Search code examples
condasnakemake

Cannot use snakemake containerize flag when I'm using already existing named environments


Here is what I tried:

snakemake --use-conda --conda-frontend conda --containerize > dockerfile

This produces the following error:

File "/REDACTED/.conda/envs/snakemake/lib/python3.10/site-packages/snakemake/deployment/containerize.py", line 32, in containerize
    envs = sorted(
  File "/REDACTED/.conda/envs/snakemake/lib/python3.10/site-packages/snakemake/deployment/containerize.py", line 30, in relfile
    return env.file.get_path_or_uri()
AttributeError: 'NoneType' object has no attribute 'get_path_or_uri'

Reproducible example is below:

Main snakefile:

configfile: "conf/config.yaml"
rule all:
    input:
        "output.txt"
include: "rules/test.smk"

test.smk snakefile:

rule test:
    output:
        "output.txt"
    conda:
        "biotools"
    shell:
        """
        python -VV > {output}
        """

Removing conda subcommand from the above works (obviously). Putting a file py38.yaml in env directory in rules folder and replacing conda:"biotools" with conda:"envs/py38.yaml" works. But I specifically want my container to include already named conda environments.

Do I really have to rewrite my workflow to replace all instances of conda:X with conda:envs/X.yaml and plop all my conda environs into .yaml files?


Solution

  • Correct, it only works with YAML definitions. Consider filing a feature request.

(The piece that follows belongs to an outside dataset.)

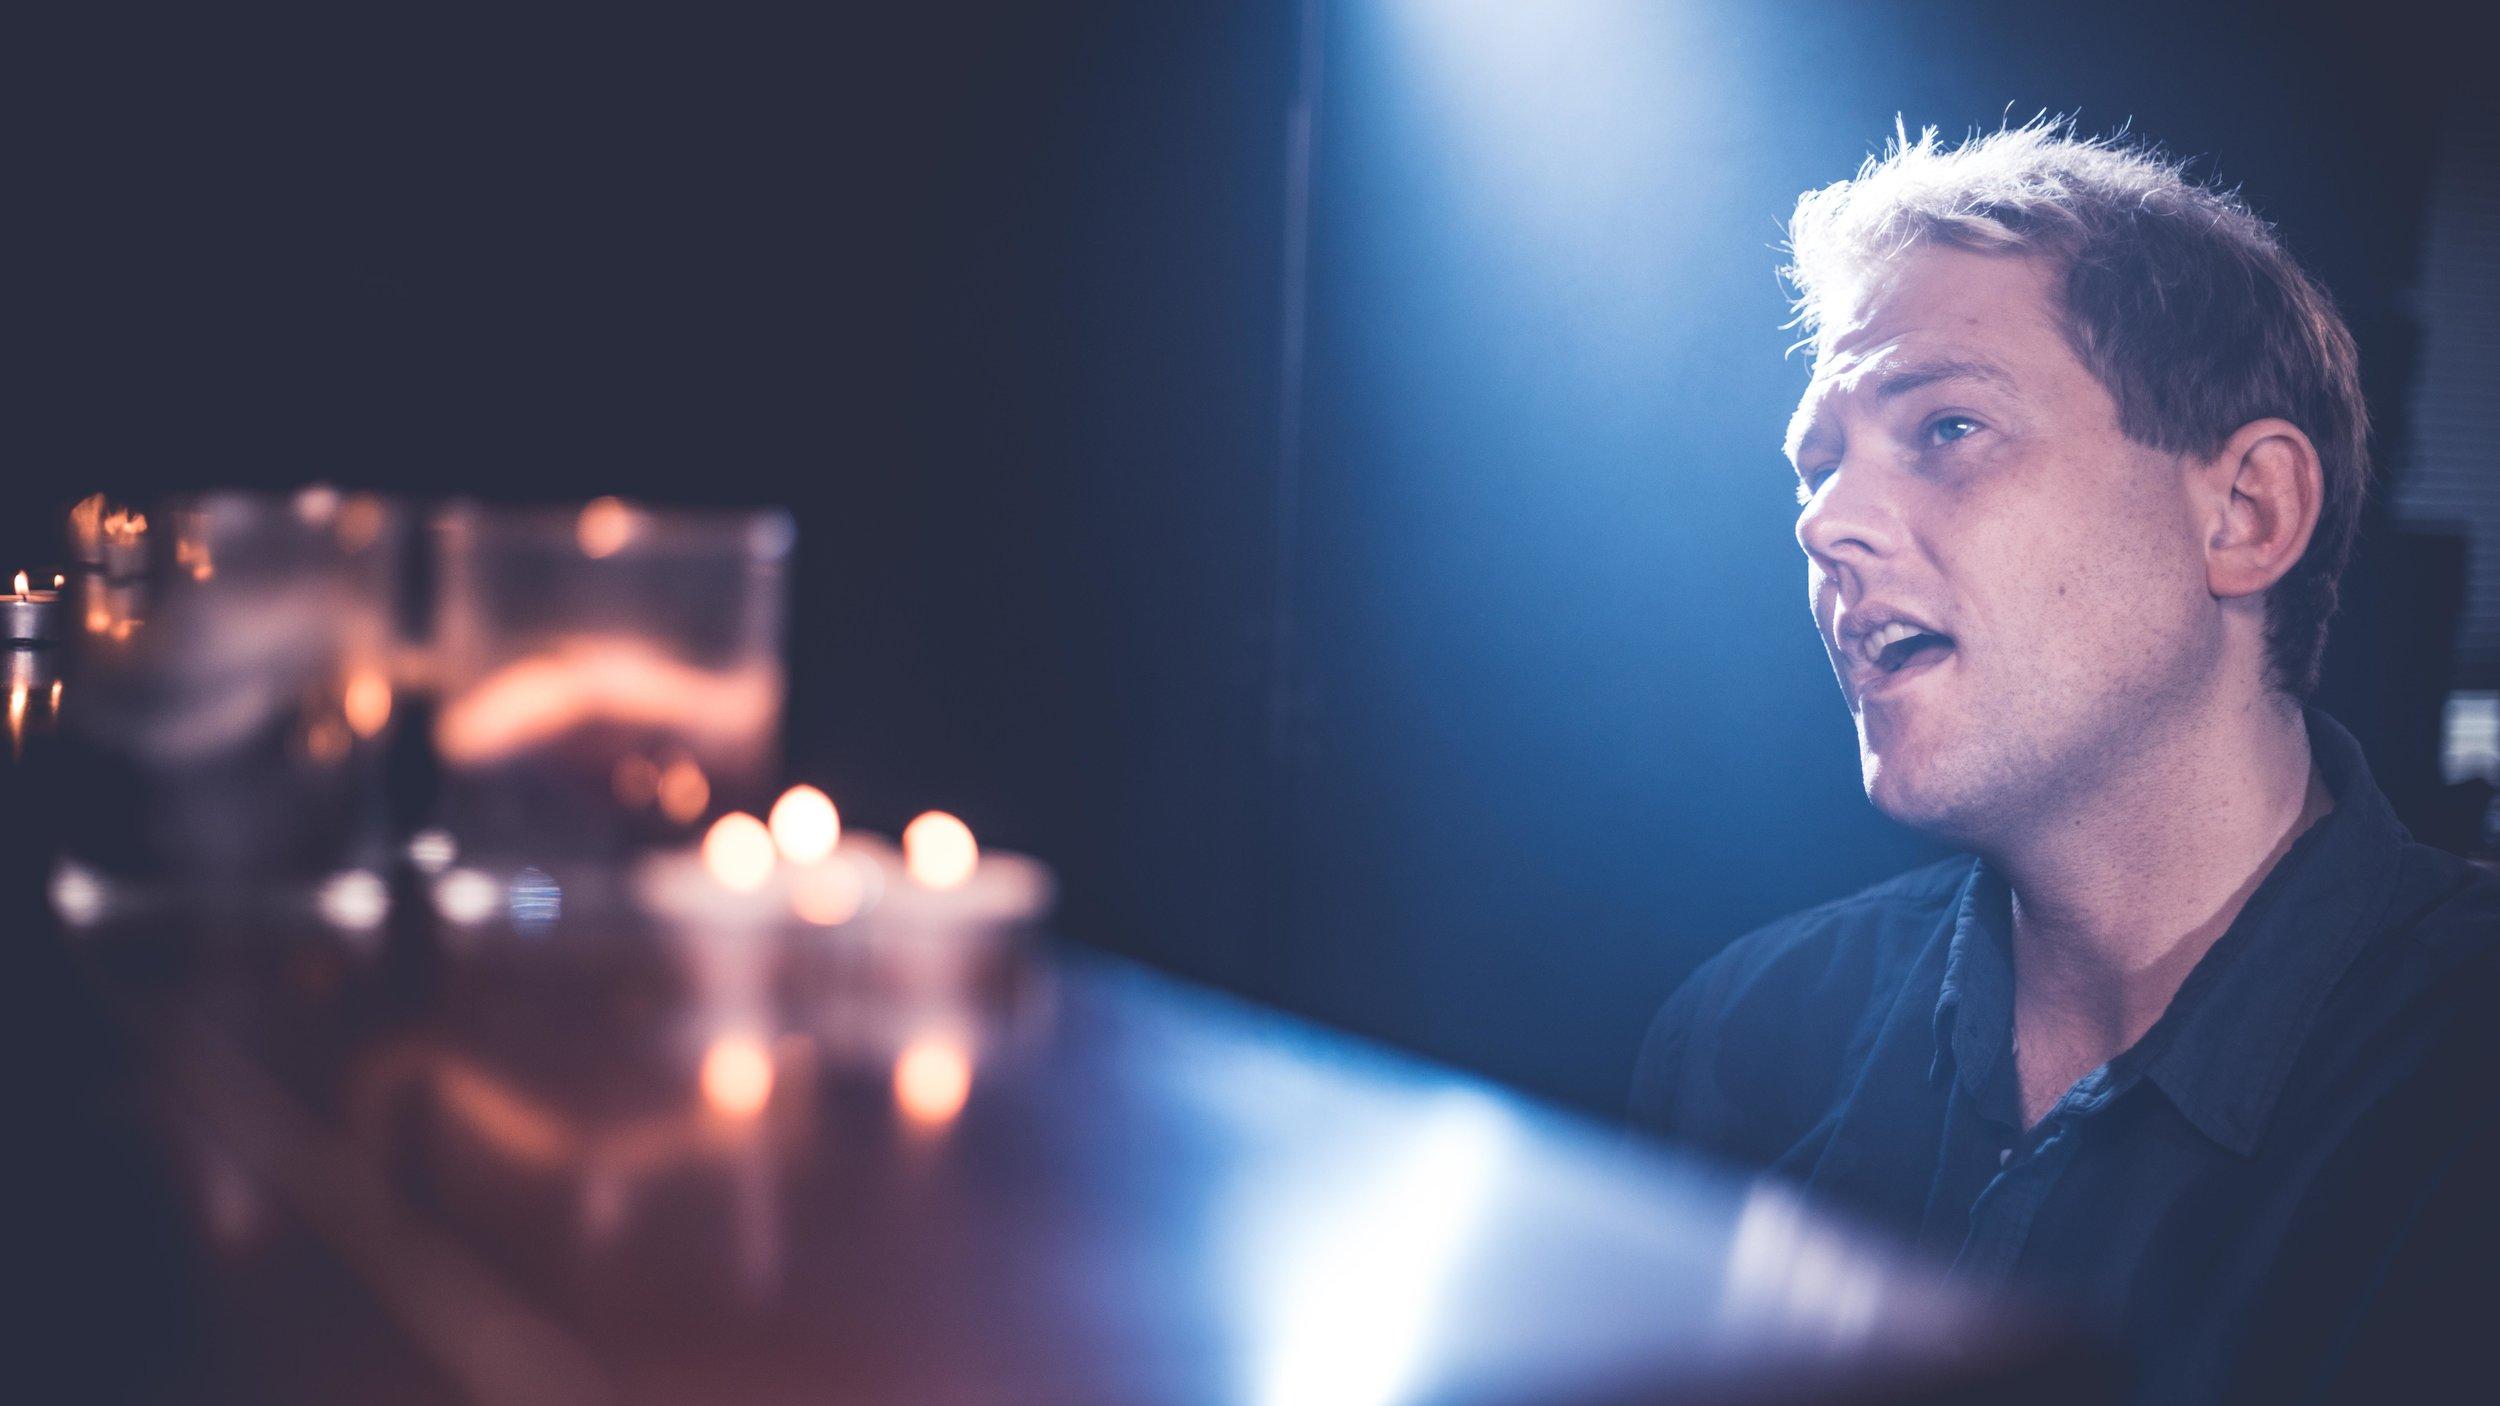 Anders Hornshøj - videoshoot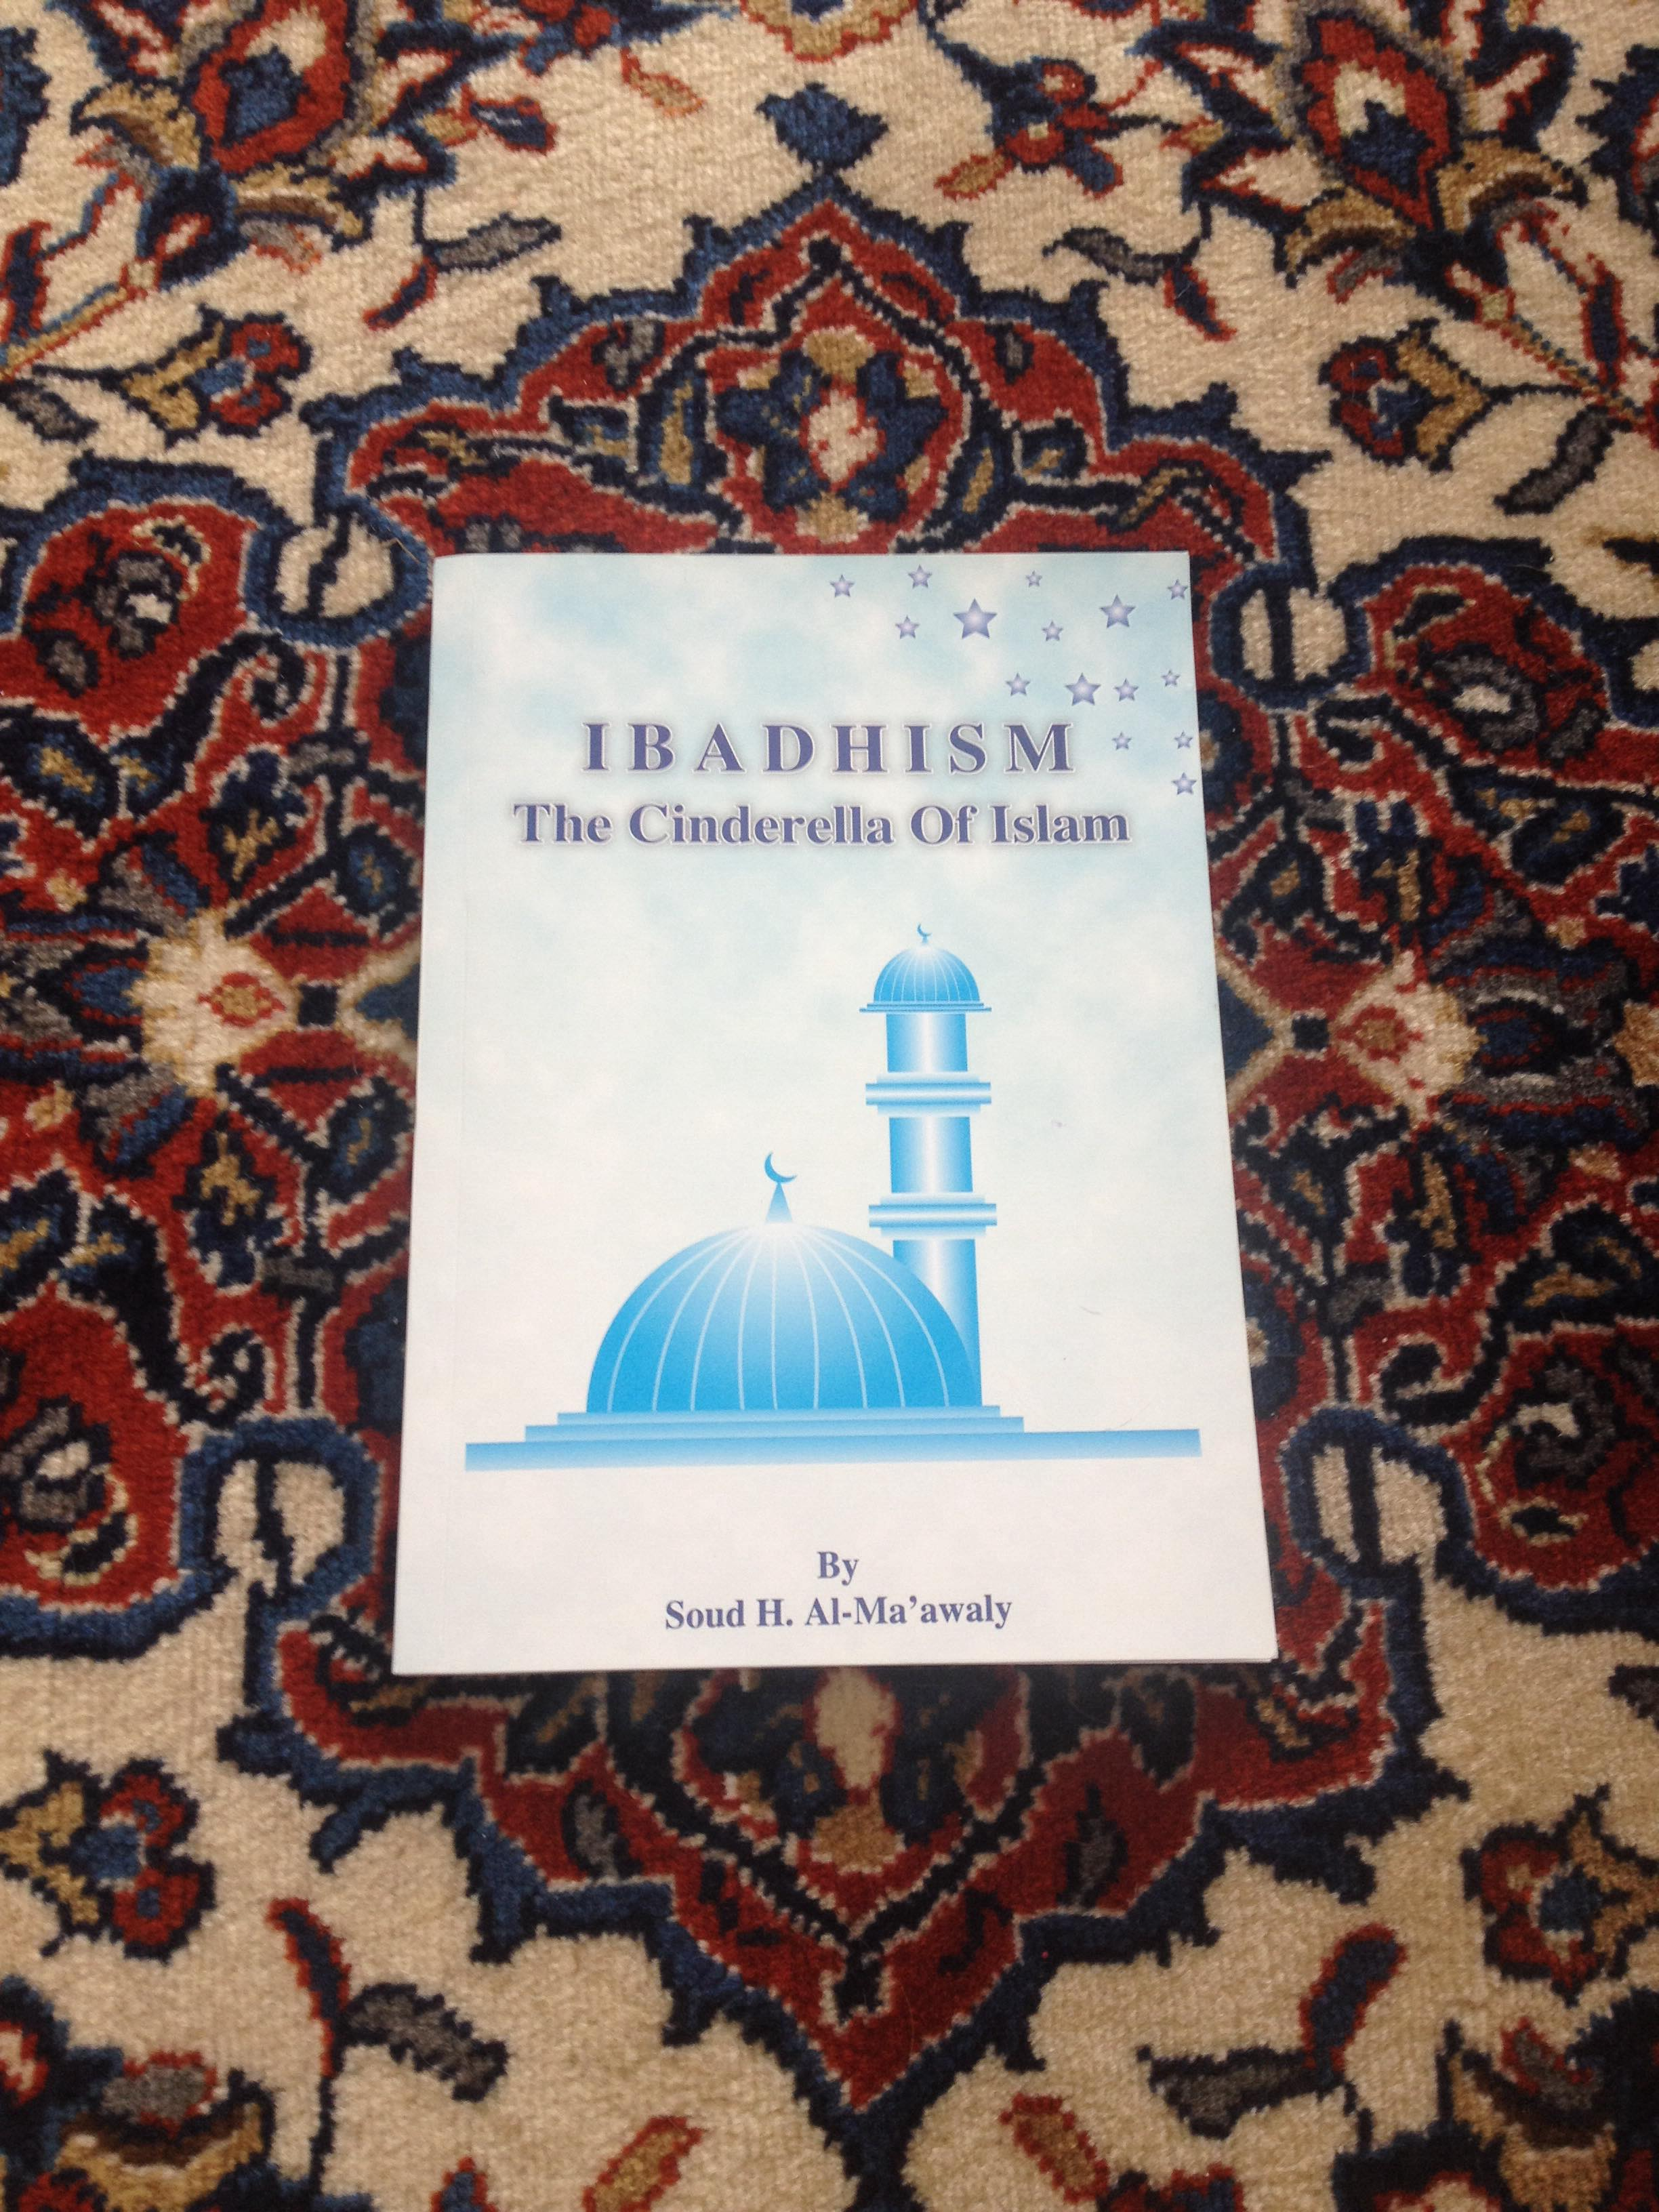 The Cinderella of Islam, er en populær bok om ibadisme i Oman. Foto: Kjersti S. Macdonald Aursnes

    A simple solution is to dump out YAMLs for your environment:

    ## minimal version
    mamba env export -n biotools > biotools.min.yaml
    
    ## full version
    mamba env export -n biotools > biotools.full.yaml
    

    then use one of those instead. There are some recommendations in this thread on best practice for YAML constraints, i.e., you may want to adjust the YAML to be more transportable.

    Note that it is generally discouraged to use named environments in Snakemake pipelines because they undermine reproducibility.